There may be odd muscle twitches, and you can even see the dog's eyes moving behind its closed lids if you look closely enough. The eyes are moving because the dog is actually looking at the dream images as if they were real images of the world. These eye movements are most characteristic of dreaming sleep. When human beings are awakened during this rapid eye movement or REM sleep phase, they virtually always report that they were dreaming.
I recently received a letter from Joseph Baker, which seems to confirm the idea of dogs having dreams about their everyday activities. I have taken the liberty of reproducing part of it here.
"I have an anecdote that you may find interesting, however it requires some back story. About three years ago I heard a story on the radio about a cognitive scientist who was trying to understand sleep and dreams. He had a hypothesis describing how sensory memories replay themselves during early REM sleep.The study he published had subjects play Tetris [a computer game where you try to line up falling blocks of various colors] and then report whether or not they saw the little Tetris bricks in their dreams. This stuck with me because the previous night I had very vivid dreams involving a hike I had been on earlier. I could feel the snow and smell the air as though it were real.

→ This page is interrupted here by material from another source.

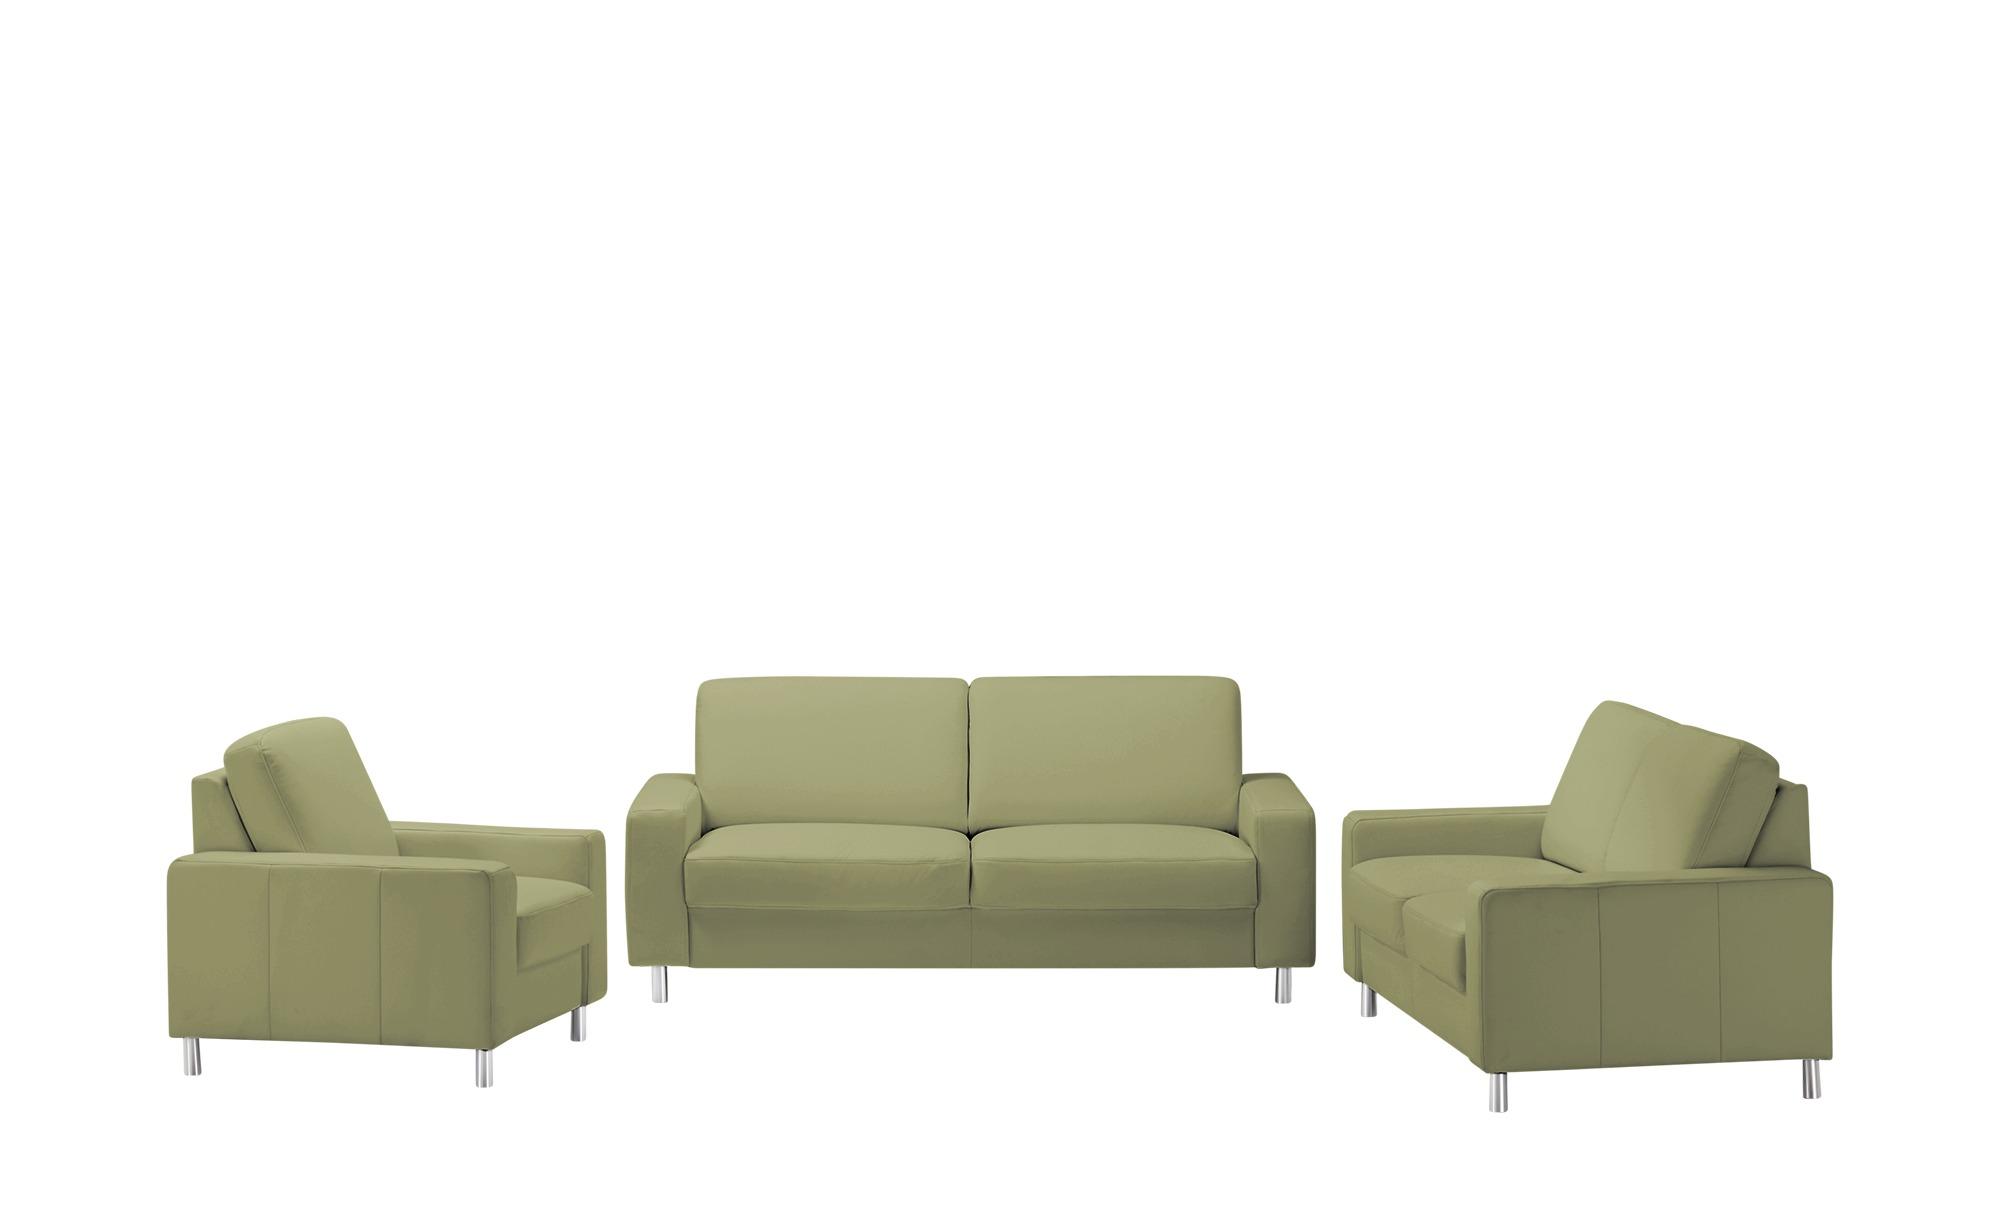 meinSofa Sitzgruppe  Byron ¦ grün Polstermöbel > Sofas > Sitzgruppen - Höffner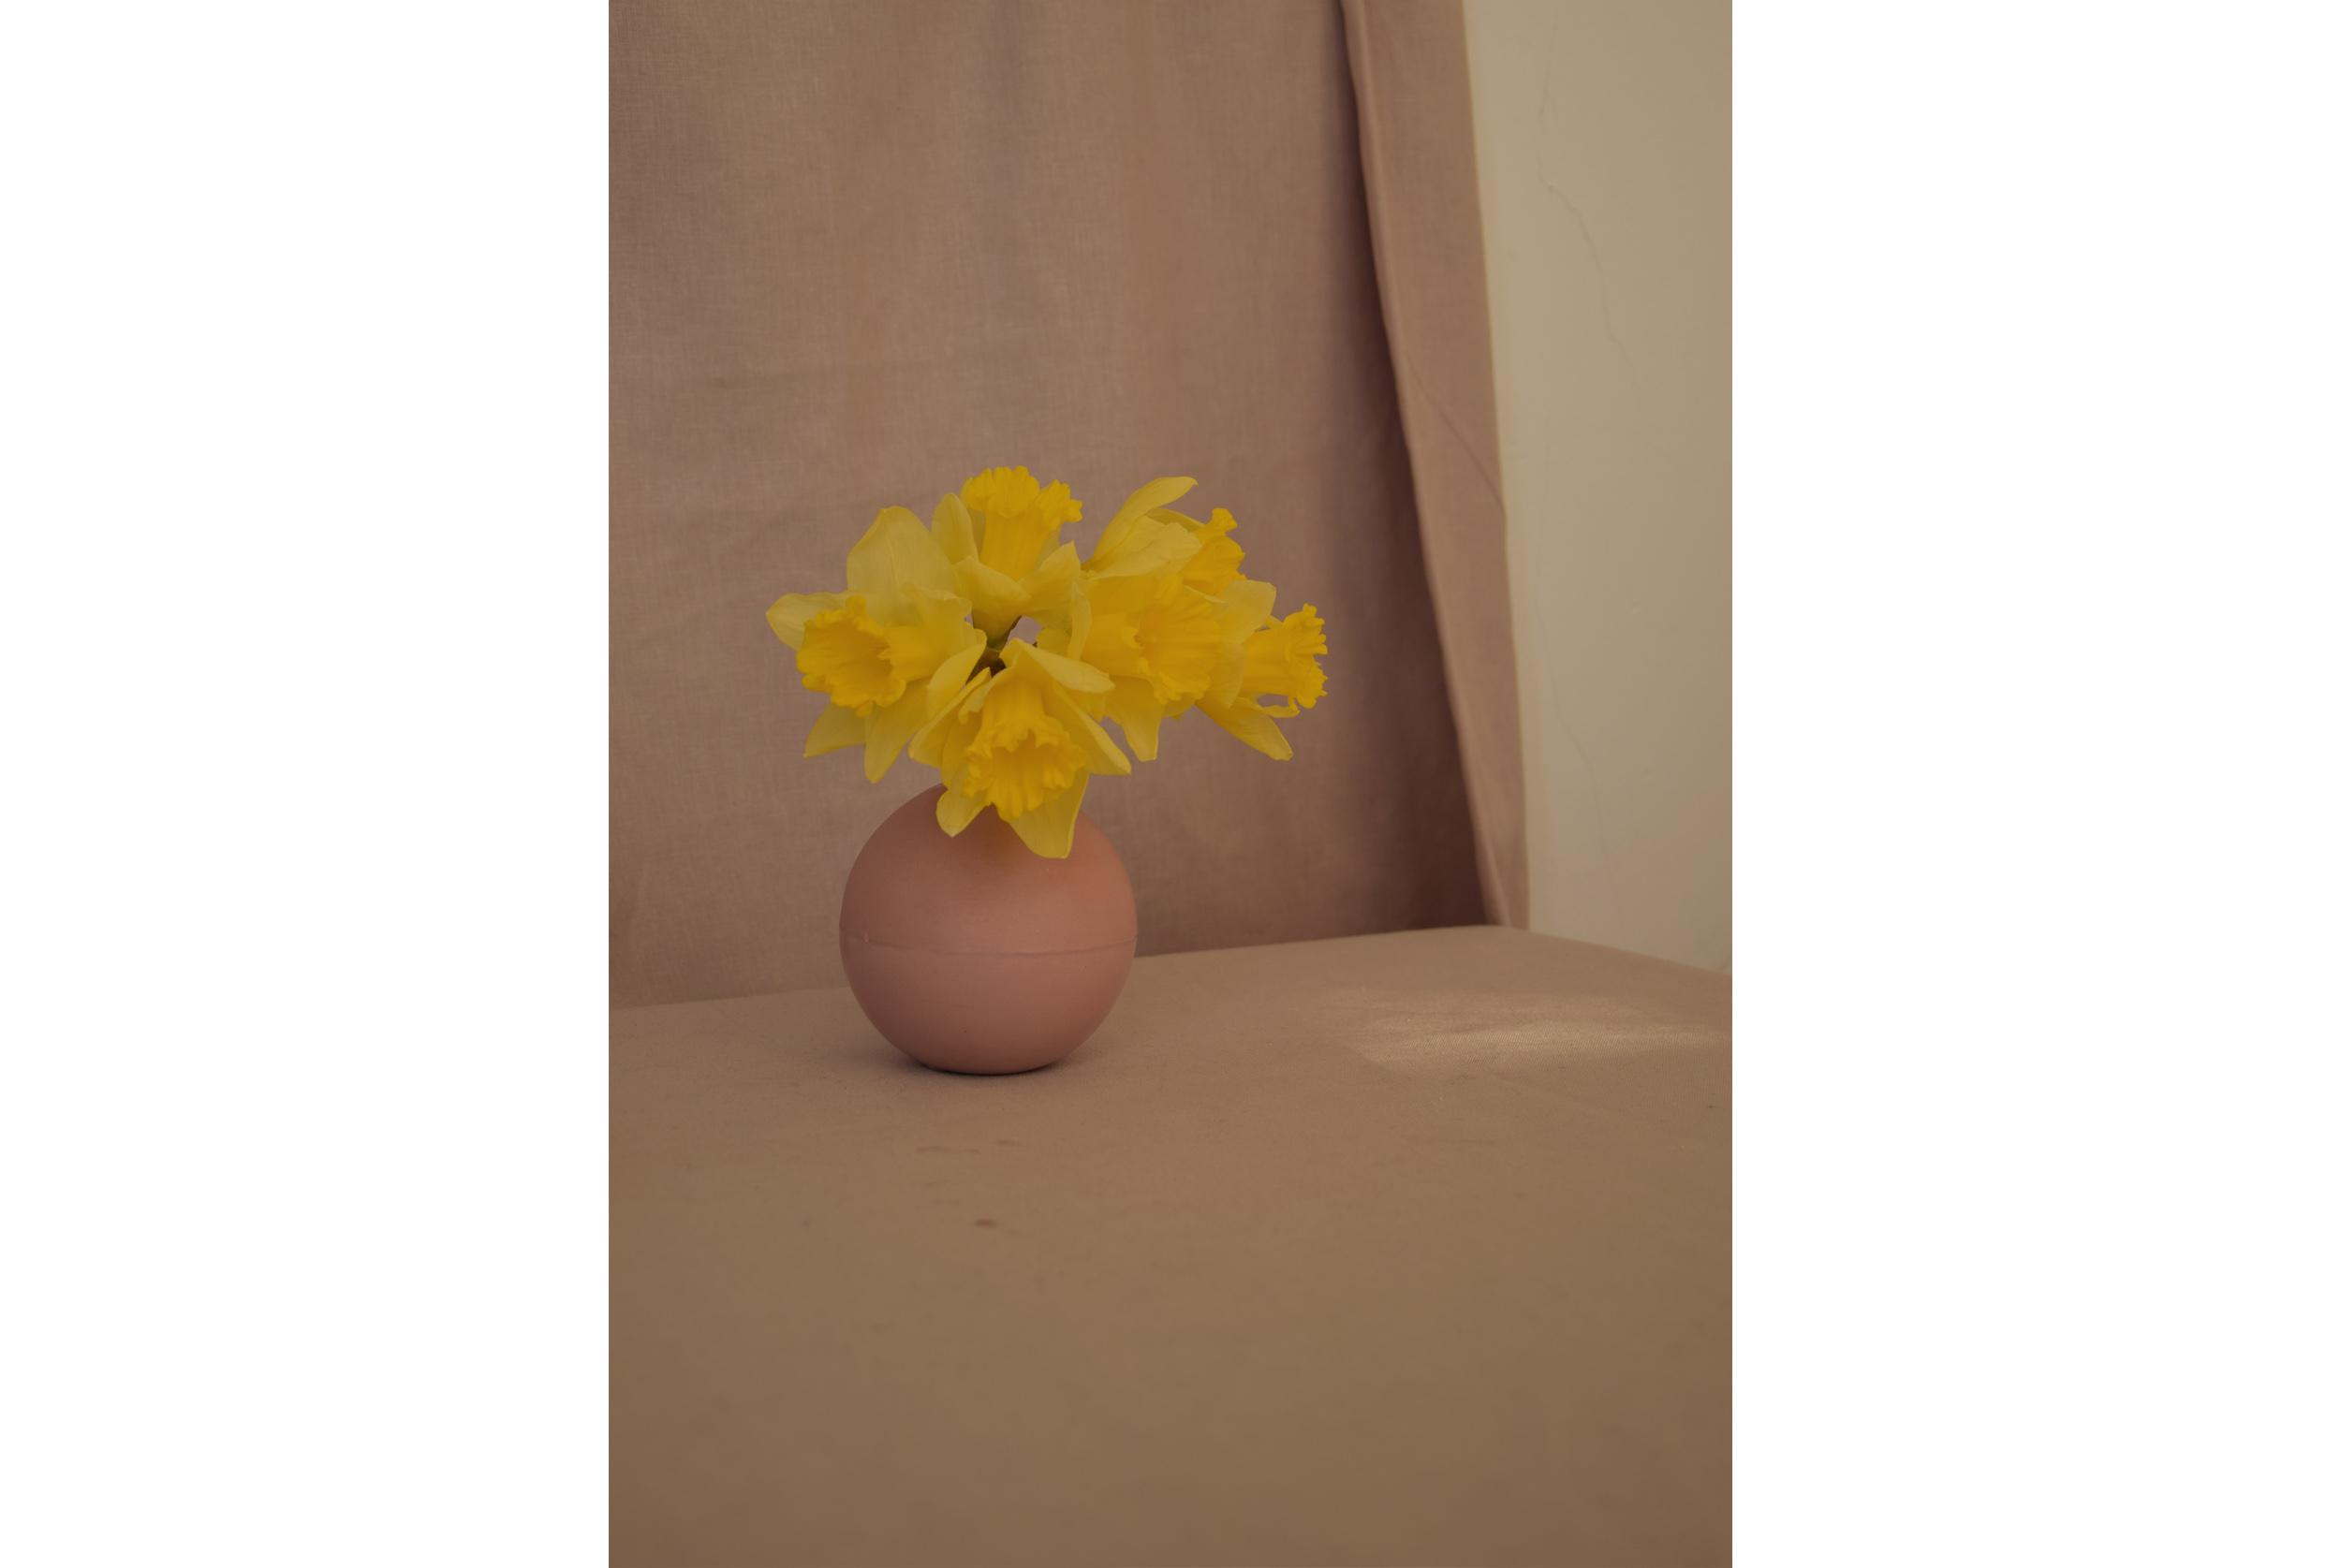 rosebowl-narcissus-studiokryszewski.jpg

"This brings me to my dog. Goober is a basenji, and like many basenjis he hates water and being bathed. As soon as my wife finishes bathing him he bolts out of the bathroom door, finds me, and tries to hide behind me or under me. So one day Goober was forced to be cleaned and underwent his ritual of hiding behind me. Later that night he was sleep running.
He awoke with a start, and then bolted to my location to hide under my legs. This was very awkward as I was sitting on the toilet at the time. I believe that he was dreaming, and I believe that he was dreaming about having a bath. I believe this because he only engages in this behavior when a bath is involved."
Well, Joe, I believe that there are at least two psychologists at MIT who would agree with you.